__Your task__. Go to the line holding "Treat Yo' Self! Handmade Birthday Card-2" in the data below. Return it and each line after it through the last, exactly, and skip the pictures.

__Source material__.
____
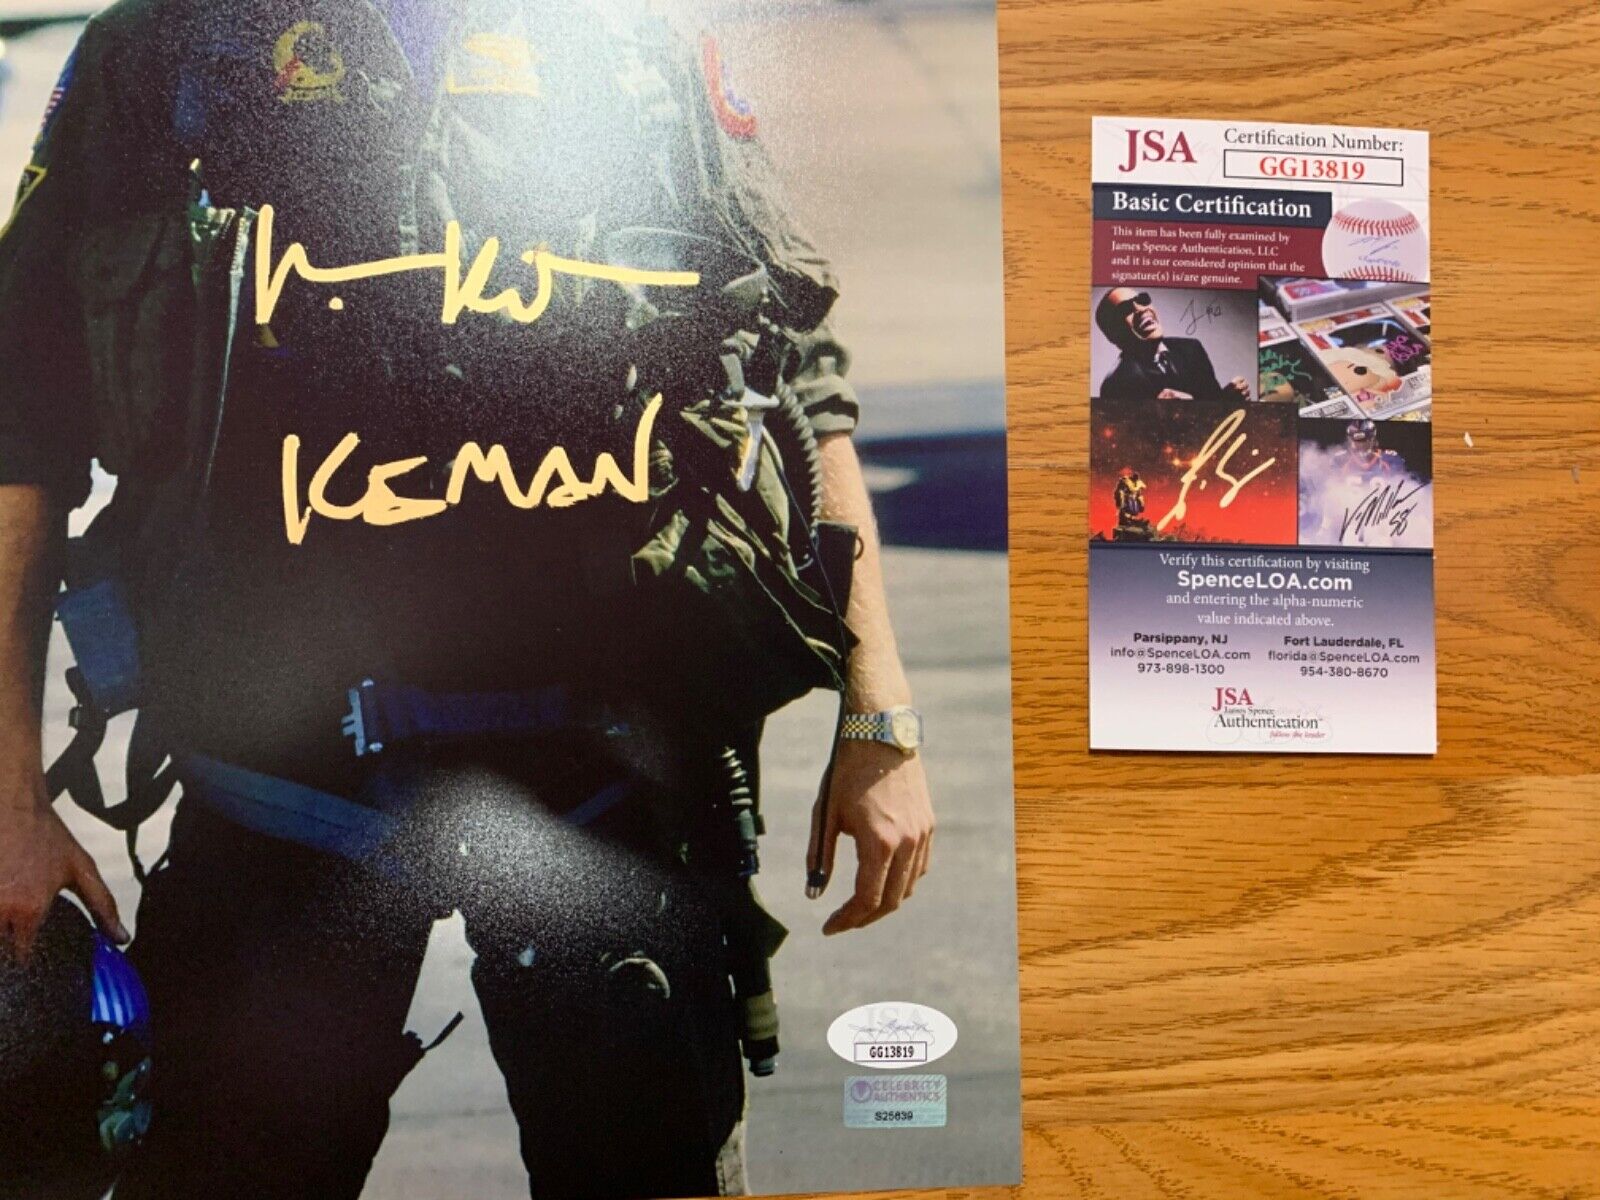 Val Kilmer Iceman From Top Gun Autographed 11x14 Photo JSA Celebrity C
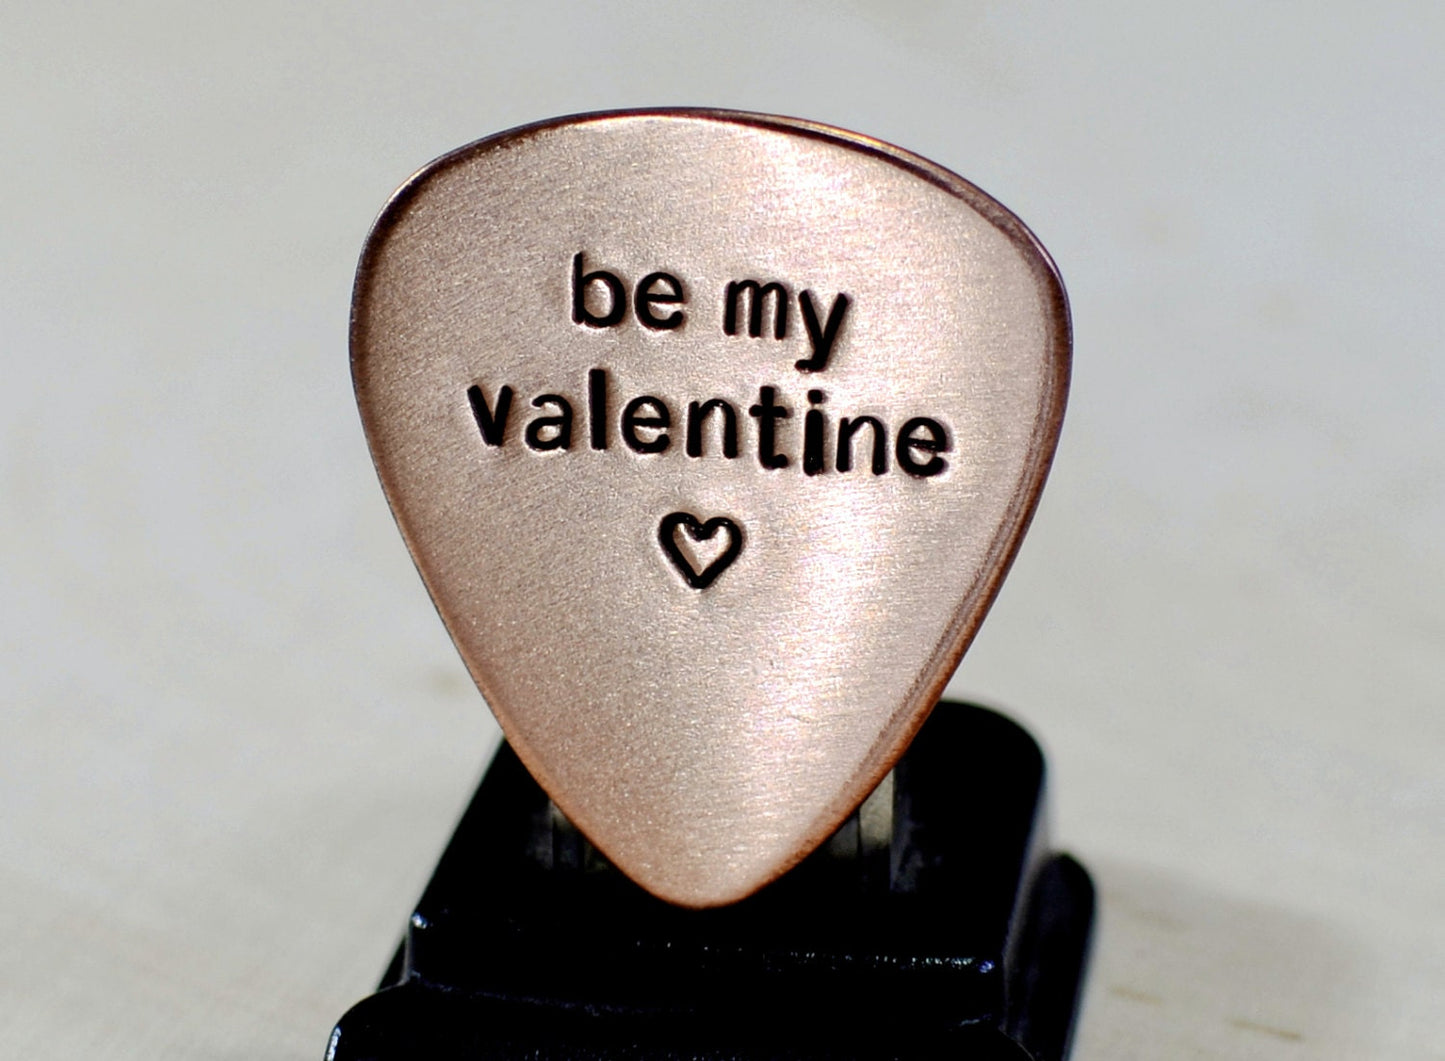 Be my Valentine Guitar Pick in various metals
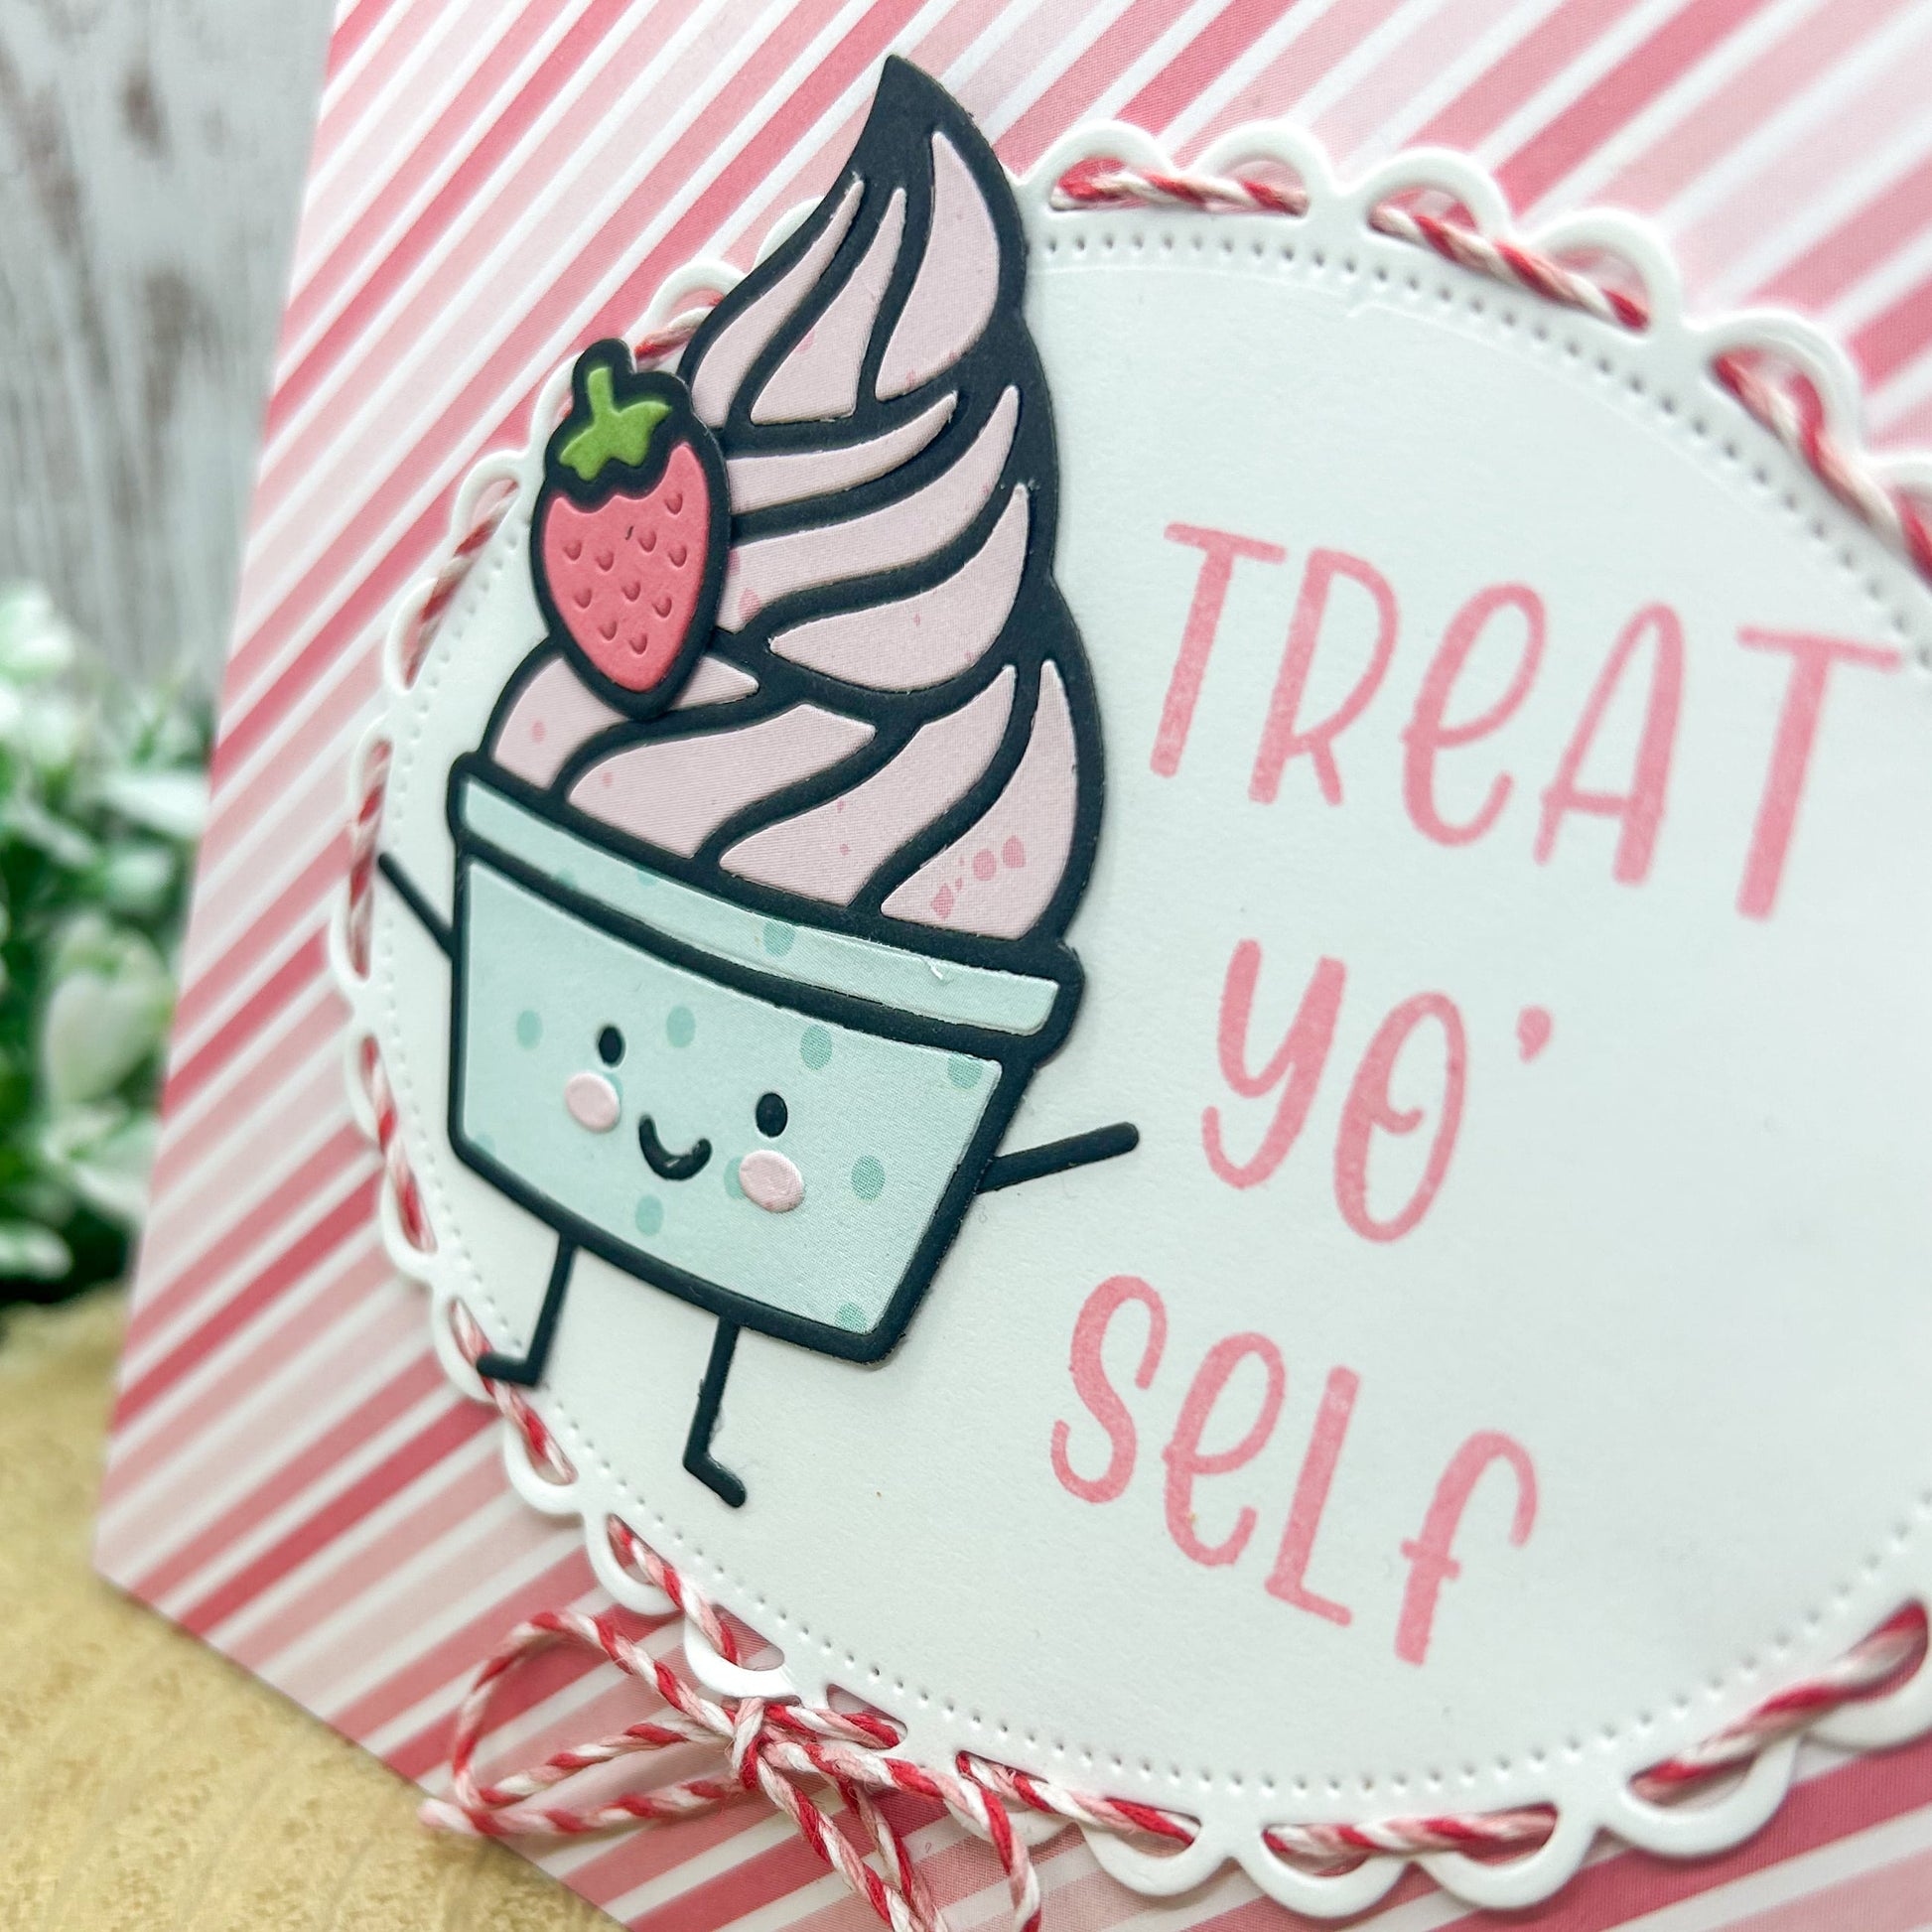 Treat Yo' Self! Handmade Birthday Card-2
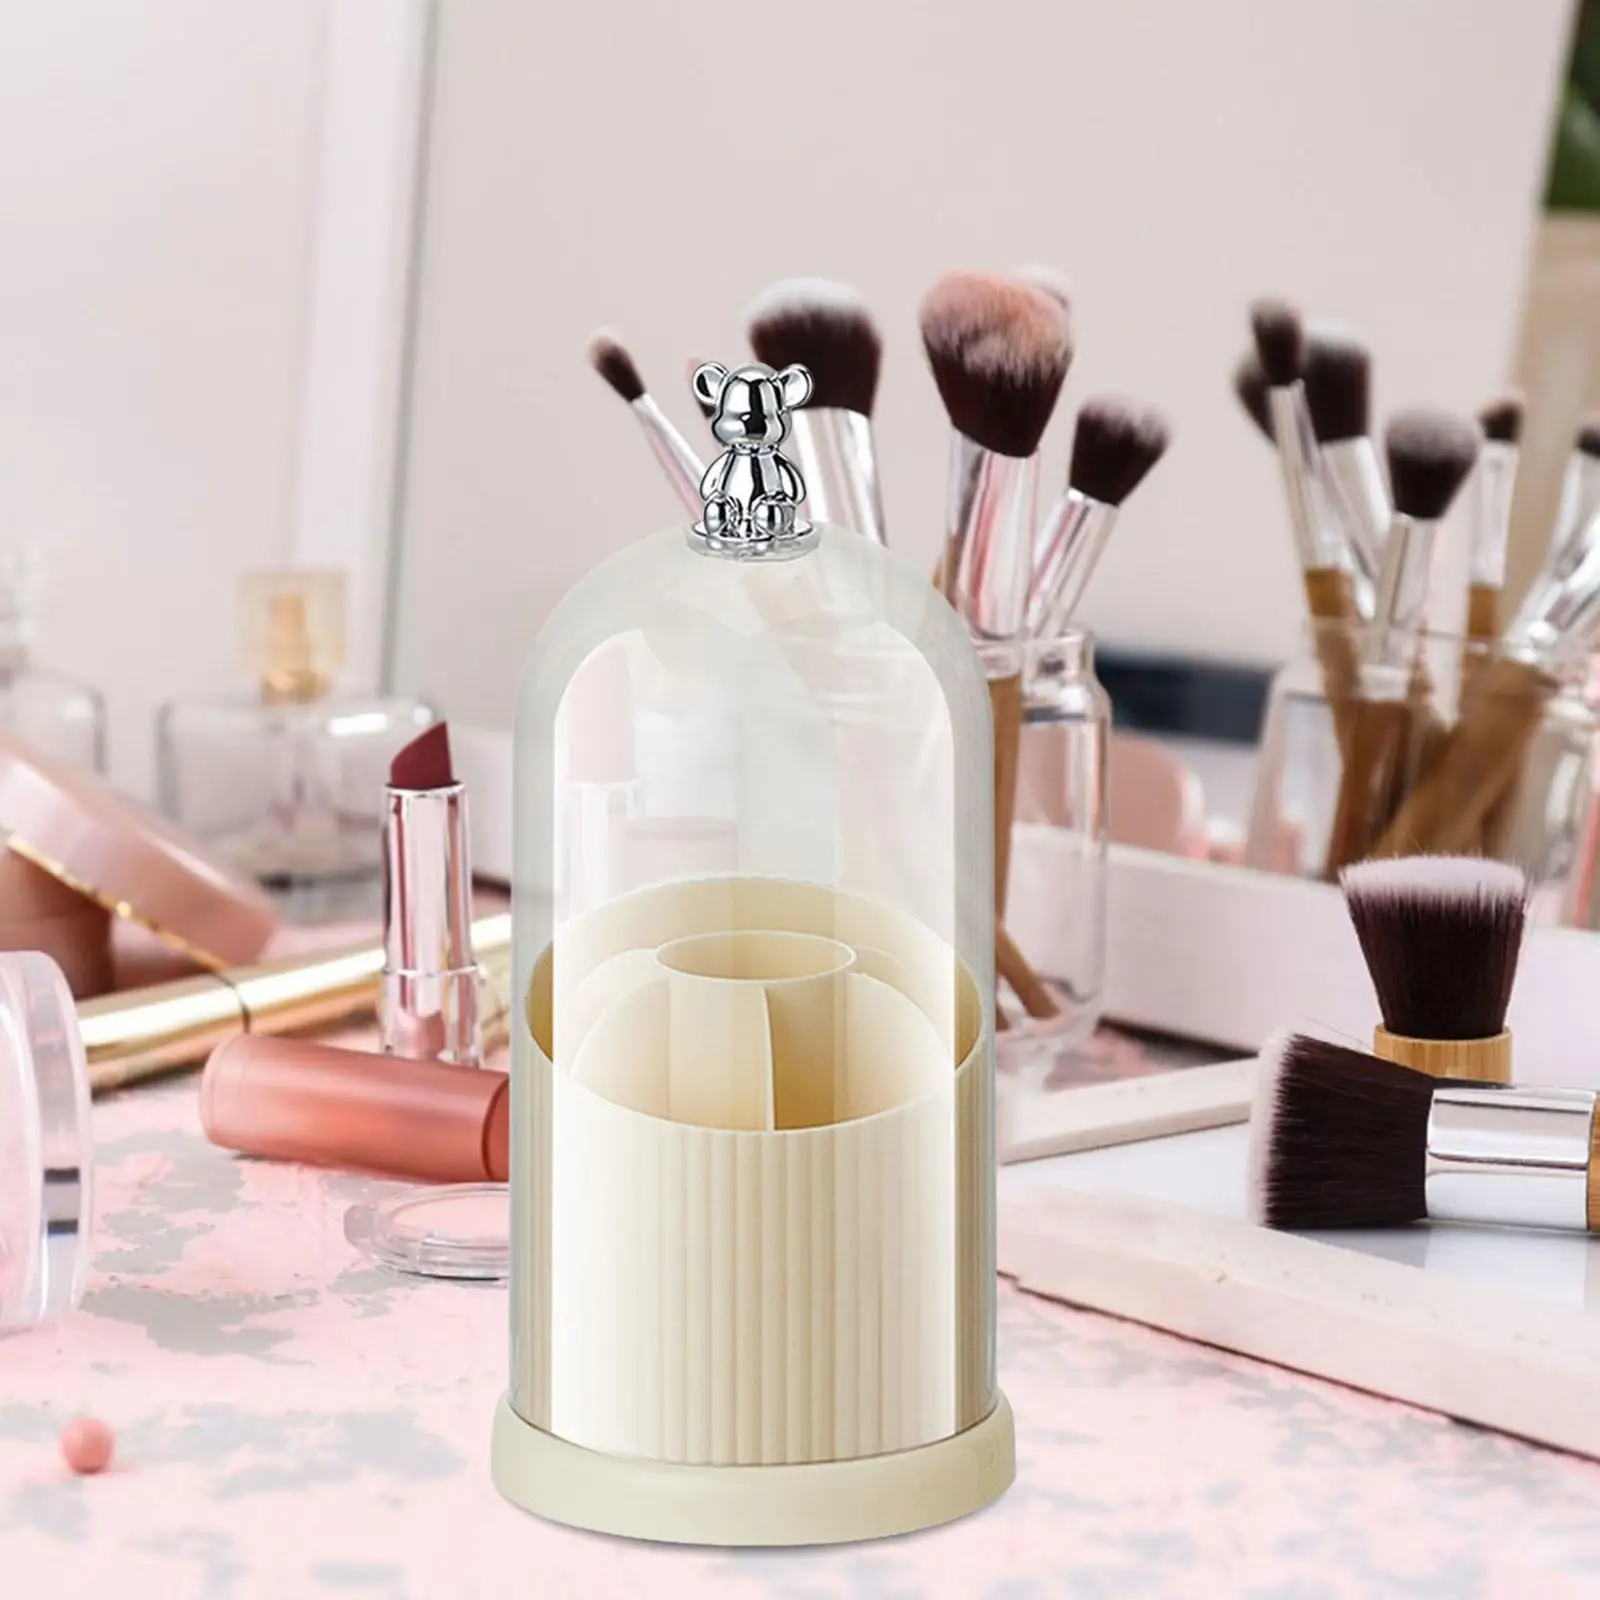 Makeup Brush Organizer Large Capacity Waterproof Cosmetics Brushes Storage Container for Vanity Desktop Countertop Bathroom
____
__Exercise result__.
 Treat Yo' Self! Handmade Birthday Card-2
 Makeup Brush Organizer Large Capacity Waterproof Cosmetics Brushes Storage Container for Vanity Desktop Countertop Bathroom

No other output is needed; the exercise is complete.